Men who use their power to harass or intimidate women know how hard it is to expose them
If there’s a woman who hasn’t experienced some form of sexual harassment in her working life, I’m yet to meet her. Women talk about the men who do this in our professions and at our workplaces. We quietly send information into the network of our working sisters in an attempt to restrain and contain the reach of the tentacles of the harassers, the pests, the creepers and the gropers.
“Don’t be alone with him”, “don’t sit next to him”, “don’t give him your mobile number”, “don’t drink at lunch with him”, “do you want me to come with you while you meet with him?”. We know who they are. We spend time and energy strategising around necessary interaction. We make ourselves smaller to avoid them and conduct ourselves in ways to minimise their impact.
So for many women watching the train wreck that is the Weinstein takedown, the modus operandi, if not the specific behaviour, is tediously familiar. So too the allegations here in Australia about TV gardener Don Burke are reflective of the experience of too many women. Even if the allegations against Burke are not on the same scale of seriousness as Weinstein (Burke is not accused of rape), the character behind the alleged behaviour is familiar.
The exploitation of power, and the enormous risk an attempt at exposure presents to the victims of it, are at the heart of the confidence a perpetrator is emboldened by. Those are the key dynamics here that are not fixed overnight by the magnitude of attention paid to the Weinstein and Burke allegations. I am wary of a response to these two specific situations that points to them as evidence that women are now, or should be, more likely or more confident to come forward.
These situations, while recognisable in terms of the alleged behaviour, are not instructive for the woman sitting at work today while her male colleague makes her squirm with unwanted sexual innuendo or contact. Susan answering the phone at a transport company on a six-month contract whose boss comments on her cleavage and “great legs” shouldn’t somehow feel emancipated from her situation because Gwyneth Paltrow said something similar happened to her.
What is common to both the Weinstein and Burke allegations is that there are a number of complainants, which provides safety in numbers and an air of credibility. These women, while absolutely out on a limb, are not out there on that limb by themselves. That’s comforting for complainants and for a public who might have otherwise been sceptical. There is also, importantly, the removal of immediate risk for the complainants now coming forward – both from the behaviour itself and significantly, from immediate financial ruin.

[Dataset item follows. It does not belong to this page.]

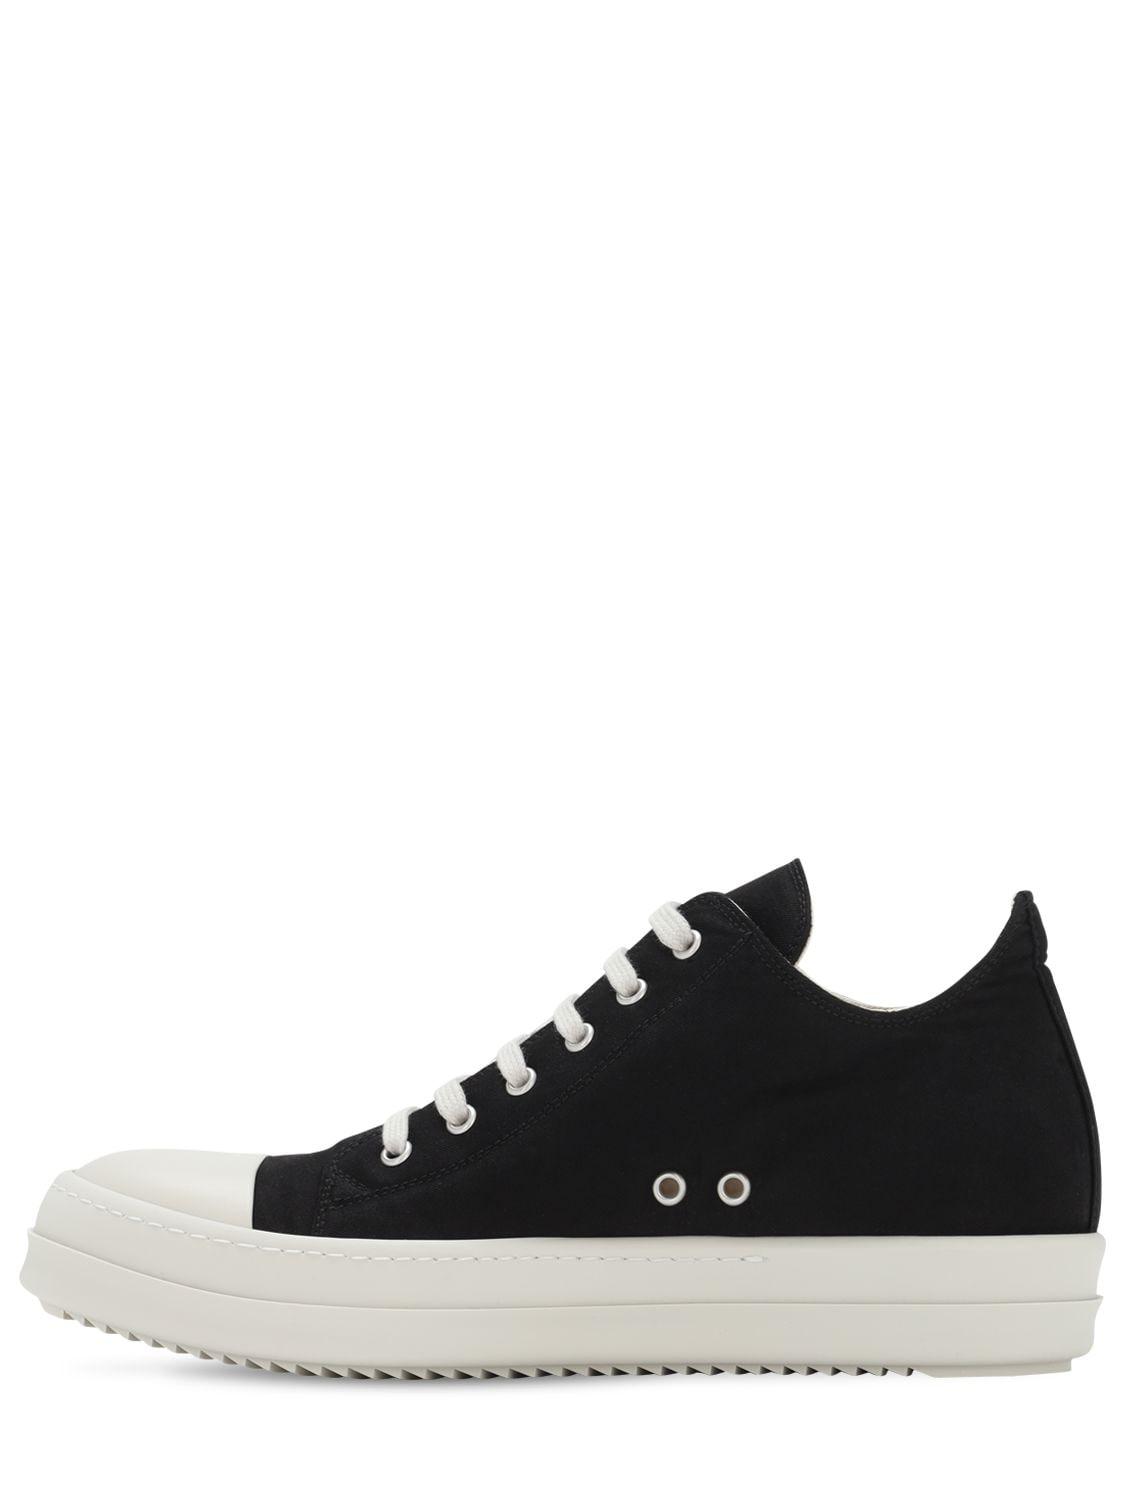 Rick Owens Drkshdw Cotton Twill Low-top Sneakers in Black/White (Black ...

In Weinstein’s case, many of the women who reported abuse are now celebrated Hollywood actors and figures with the financial means to still put food on the table. In Burke’s case, he is not the figure in the industry he once may have been. He’s an old bloke in a cardigan who was once on TV a fair bit.
That immediate risk is a huge factor in what stopped those numerous complainants from speaking out, reporting, or going public when the behaviour actually occurred. There is also the public profile that Weinstein and Burke command which means reporting this behaviour is “news”. I’m fairly confident that if Susan from the transport company makes a report to human resources (if there is a human resources person) and contacts the media about the behaviour of her boss, it won’t make the front pages.
I don’t mean to take away at all from any of the horrendous experiences that the alleged victims of Weinstein and Burke report they had but we must be realistic about the circumstances that exist now that have provided the climate and the ability for these women to take the brave steps they have.
We must be realistic when we tell other working women, women who are not in Hollywood, or who are making an allegation about a man with no public profile, or who don’t speak English as their first language, or who might be working casually, that these situations are a “game changer” for them in dealing with sexual harassment in their own workplace. They aren’t. Susan still has to go in tomorrow to answer the phones because she has bills to pay and is in insecure work.
Sexual harassment is wrong. No woman should ever have to put up with it. But not every woman has the luxury of risking her paycheck by speaking up. We women know the risk because that network of working women tells us so and we’ve seen it happen.
We should be acutely conscious of that risk when we rally women post-Weinstein with our feminist–you-go-girl pom poms to “speak up” – because without fixing the systems that prop up perpetrator behaviour, everyday working women may end up out on that limb by themselves with unemployment, unpaid bills, and no one interested in their story for their brave efforts.